Passano i giorni e imparo a convivere con la paura, ma mi assale un forte senso di impotenza e di rabbia covato in queste settimane piene di un inutile sole, trascorse nella speranza finora vana che qualcuno ci fornisse gli strumenti necessari per difenderci da questo nemico. Un aiuto concreto, guanti, mascherine, alcol, per non rischiare di ammalarci, per non essere noi a portare potenzialmente il virus agli altri e per non lasciare le comunità senza un punto di riferimento. Perdoni questo sfogo, spero solo possa essere raccolto da chi ha il potere di migliorare le cose.
Marta Donzelli
Stiamo convivendo con la paura, tutti. Per i nostri cari e per noi stessi. Ci sono amici e familiari che non vedremo più. Stiamo arrivando a diecimila morti in Lombardia, tre volte le vittime del Vajont. È un’ecatombe senza fine. Come lei scrive, il senso di impotenza è collettivo. La mancanza di strumenti di difesa è una colpa grave di politica e istituzioni, soprattutto perché chi stava sul campo rischiando la vita lo urlava fin dall’inizio. È mancata la protezione, l’aiuto concreto attraverso strumenti come mascherine, guanti, alcool, tamponi. E siamo ancora in ritardo, purtroppo.
Decalogo per la sanità
Il rilancio necessario
Qualche giorno fa in risposta al dottor Landonio lei ha indicato i dieci punti neri della sanità lombarda e italiana.
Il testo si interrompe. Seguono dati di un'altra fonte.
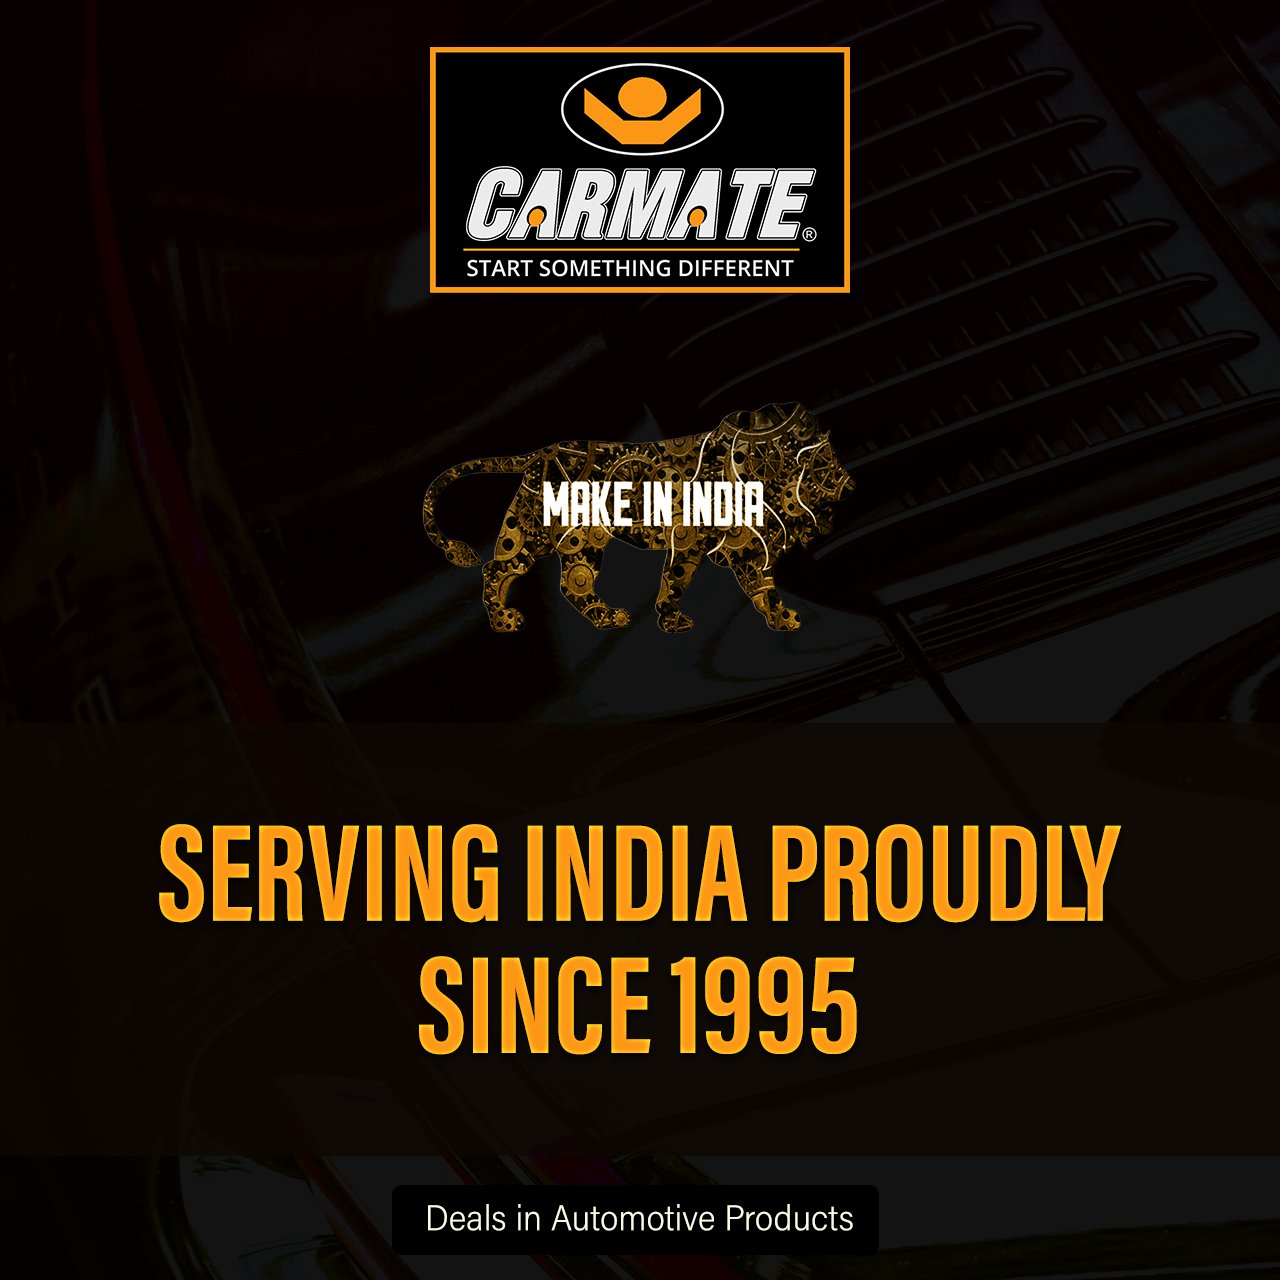 Carmate Car Steering Cover Ring Type Sporty Grip (Black and Tan) For Maruti - Ertiga 2018 (Medium) - CARMATE®

Nella sua conclusione affermava che questo però non è il momento per sparare sul pianista, intendendo per «pianista» chi ha gestito la sanità in questi anni nella Regione e nel Paese. Quando si dovrà interrompere la tregua?
Filippo Salimbeni
La tregua l’hanno interrotta lunedì gli ordini professionali dei medici della Lombardia,
che hanno denunciato l’assenza di strategie nella prima fase dell’epidemia. Appena prima avevo ricevuto un sollecito da parte del professor Marco Vitale, economista dalla schiena dritta: «Totalmente d’accordo sulla sua affermazione che ora “bisogna remare tutti insieme perché ci sono troppi morti da seppellire”. Ma questa raccomandazione non ci deve impedire che contestualmente si utilizzi la sofferenza e l’indisanitari gnazione che ci uniscono per ragionare sulle responsabilità e sul da farsi. Dunque, va corretta la sua conclusione finale: “Come nei saloon del Far West non si spara sul pianista”. Invece, con tutto il rispetto, la solidarietà e la collaborazione del caso verso tutti, compresi i politici, impegnati a tenere testa allo tsunami, non dobbiamo avere paura di sparare sul pianista. Sono proprio i troppi morti e la lista spaventosa dei morti che chiamano a questo compito critico e autocritico».
Di quei dieci punti faremo presto un dossier, con l’aiuto dei medici coraggiosi che abbiamo chiamato eroi: per rilanciare quel servizio sanitario pubblico che è un grande patrimonio nazionale.
Librerie e lavanderie
Aperte sarebbero utili
Non ho mai visto assembramenti nelle librerie, purtroppo. Eppure una delle cose che ci consigliano di fare, in quarantena, è appunto leggere. Tuttavia le librerie sono chiuse. Allo stesso tempo, invece, sono aperti negozi in cui si possono acquistare casalinghi. Aperti anche ferramenta e tabaccai che vendono veleno. Le lavanderie (che poi sono utili per l’igiene) sono invece chiuse, ma non sarebbero da considerare come servizi alla persona?
Lucio Colella
Sono domande legittime: se restano aperte le tabaccherie dove le code ci sono da sempre, perché rinunciare alle librerie oppure ai musei, dove il distanziamento è possibile? Si tratta di rinunce dovute ai protocolli in caso di pandemia oppure è stata fatta una selezione?
Non so rispondere, se non con l’esigenza di sacrifici necessari per superare l’emergenza.